See "Financial Resources" and "Liquidity and Capital Resources" below for
additional information related to cash flows and investments.
U.S. Cellular's estimates of full-year 2012 results are shown below. Such
estimates represent U.S. Cellular's views as of the date of filing of U.S.
Cellular's Quarterly Report on Form 10-Q ("Form 10-Q") for the quarterly period
ended March 31, 2012. Such forward?looking statements should not be assumed to
be current as of any future date. U.S. Cellular undertakes no duty to update
such information whether as a result of new information, future events or
otherwise. There can be no assurance that final results will not differ
materially from such estimated results.
The following is unchanged from guidance as disclosed in U.S. Cellular's Annual
Report on Form 10-K for the year ended December 31, 2011.

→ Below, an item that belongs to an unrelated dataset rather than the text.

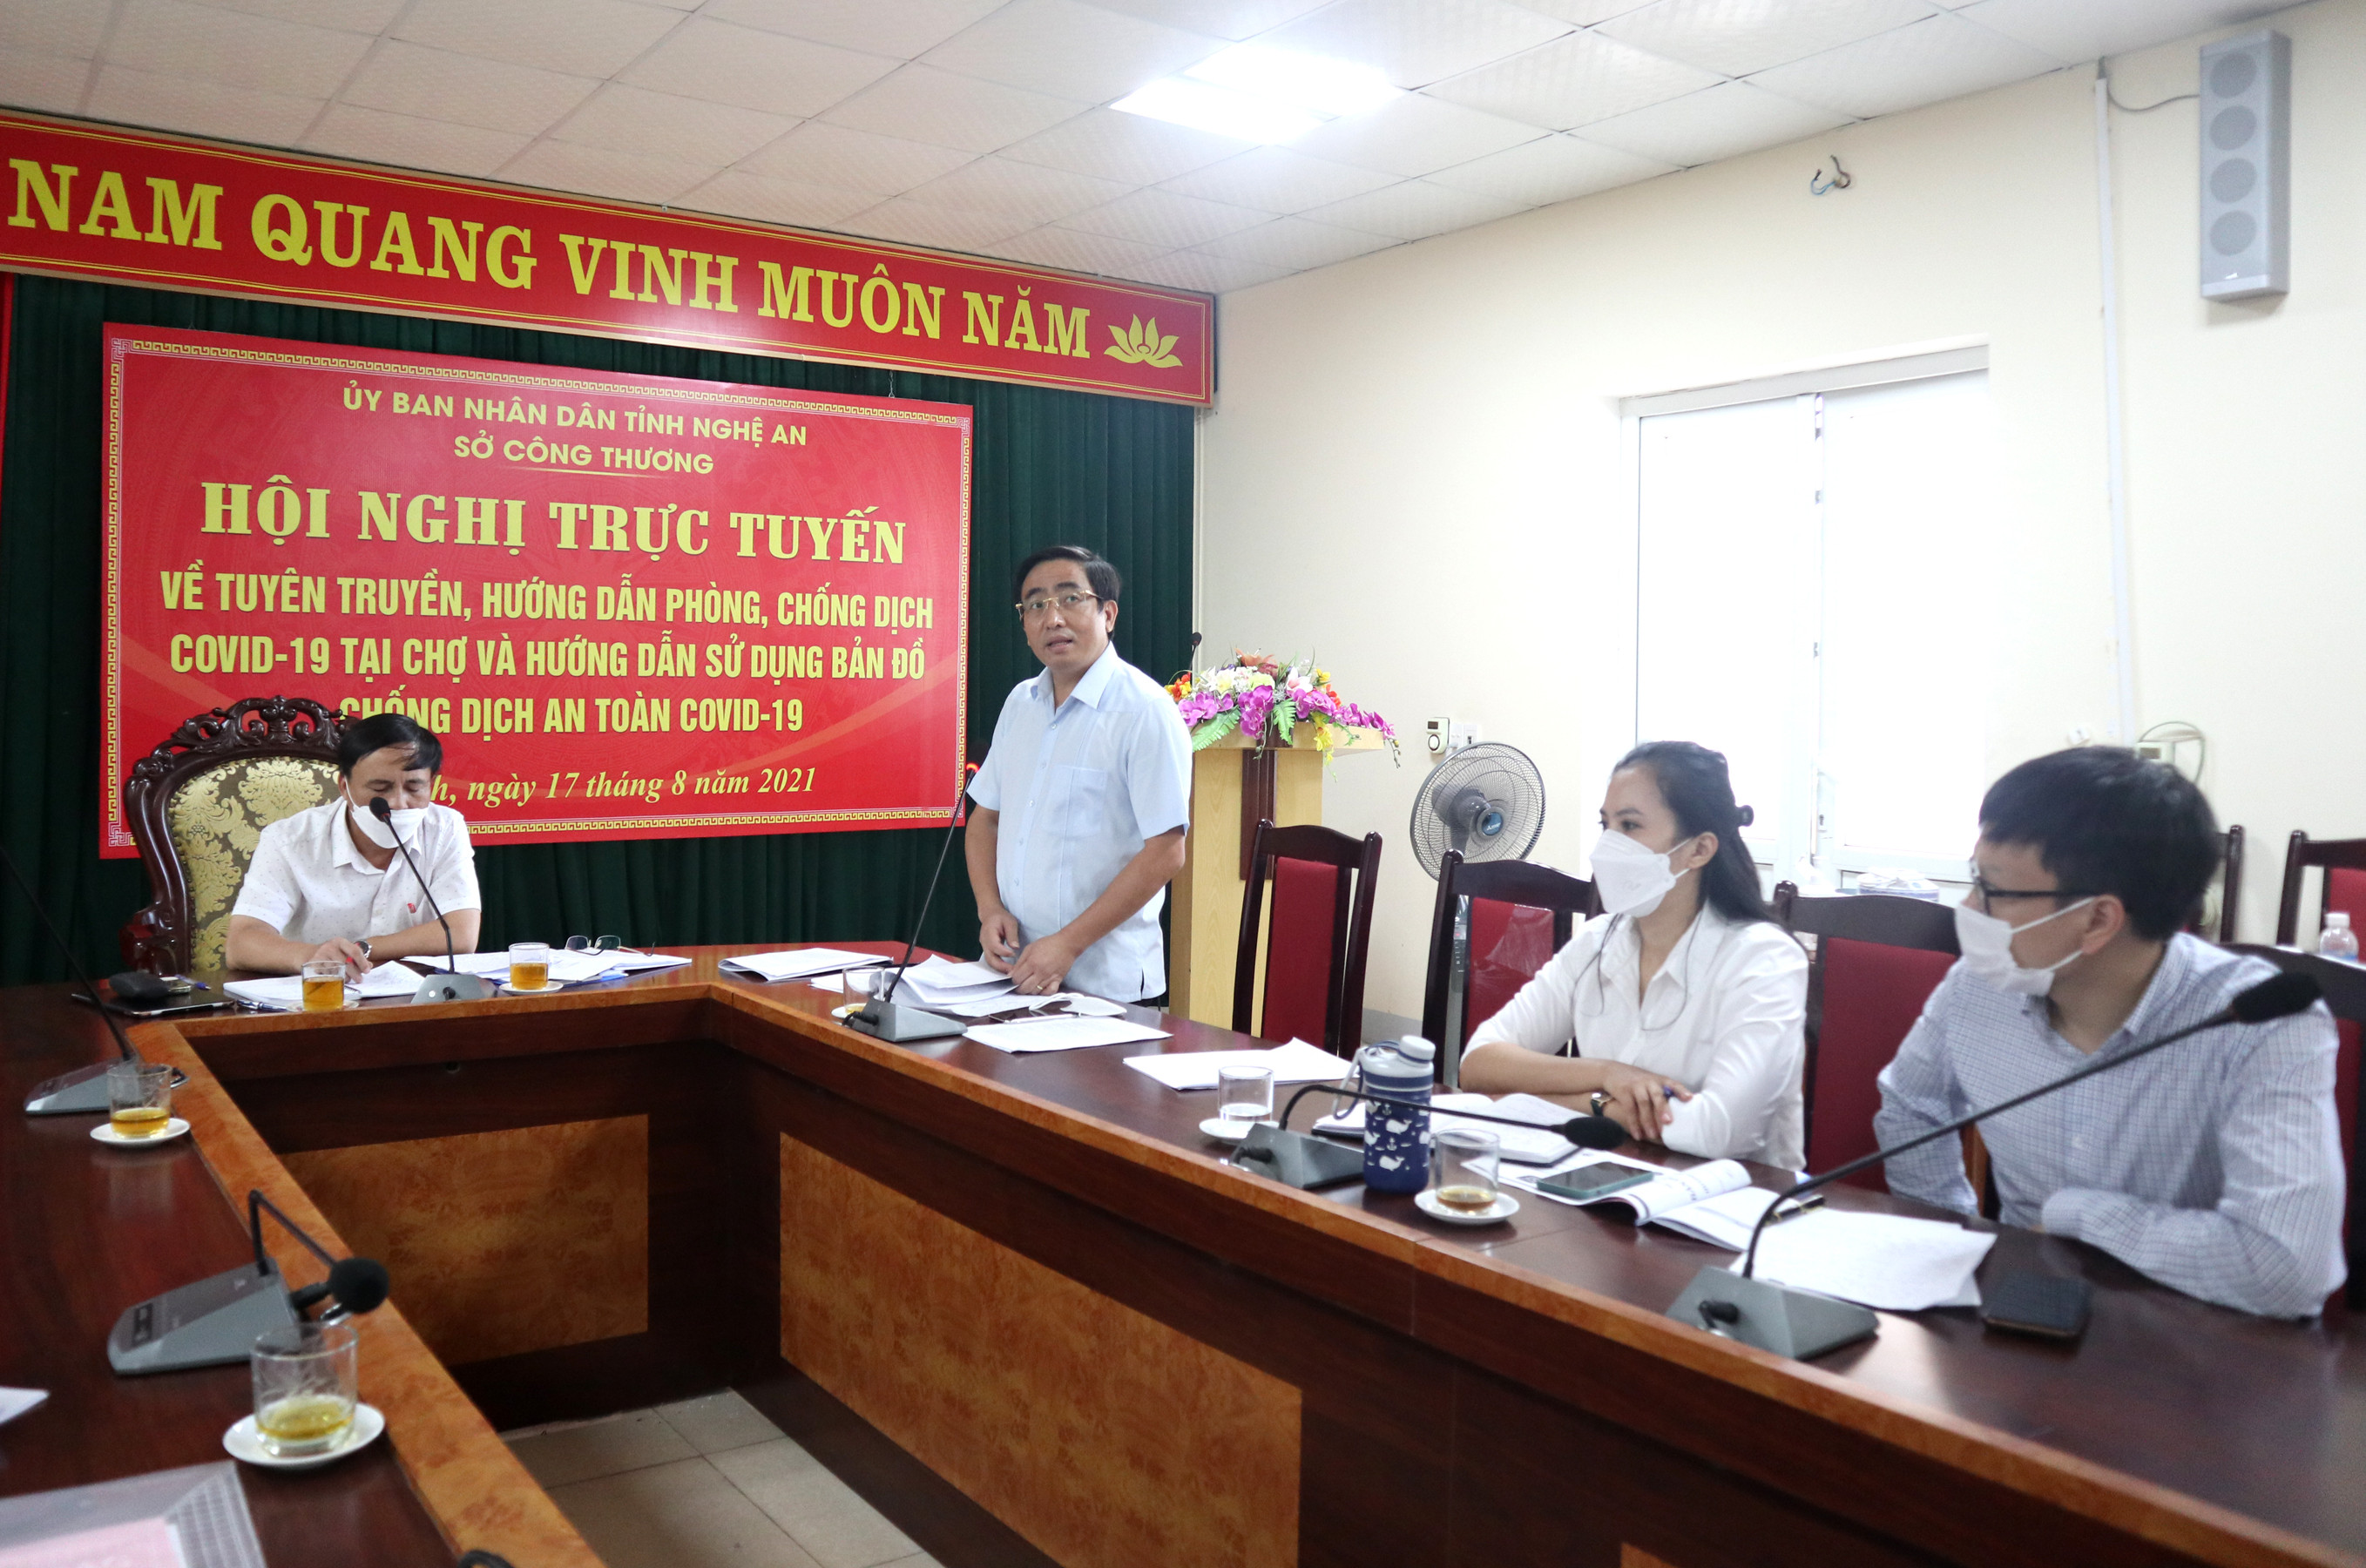 Đồng chí Cao Minh Tú, Phó Giám đốc Sở Công thương giải đáp một số thắc mắc của các địa phương về công tác phòng dịch. Ảnh: Thanh Phúc

2012 Estimated Results (1)
Service revenues $4,050-$4,150 million
Operating income $200-$300 millionDepreciation, amortization and accretion expenses,
and net gain or loss on asset disposals and
exchanges and impairment of assets (2)
Approx. $600 million
Adjusted OIBDA (2)(3) $800-$900 million
Capital expenditures Approx. $850 million
(1) These estimates are based on U.S. Cellular's current plans, which include
a multi-year deployment of 4G LTE technology which commenced in 2011. New
developments or changing conditions (such as customer net growth, customer
demand for data services or possible acquisitions, dispositions or exchanges)
could affect U.S. Cellular's plans and, therefore, its 2012 estimated results.
(2) The 2012 Estimated Results do not include any estimate for unrecognized
net gains or losses related to disposals and exchanges of assets or losses on
impairments of assets (since such transactions and their effects are uncertain).
(3) Adjusted OIBDA is defined as operating income excluding the effects of
depreciation, amortization and accretion (OIBDA): the net gain or loss on asset
disposals and exchanges (if any); and the loss on impairment of assets (if any).
This measure also may be commonly referred to by management as operating cash
flow. This measure should not be confused with Cash flows from operating
activities, which is a component of the Consolidated Statement of Cash Flows.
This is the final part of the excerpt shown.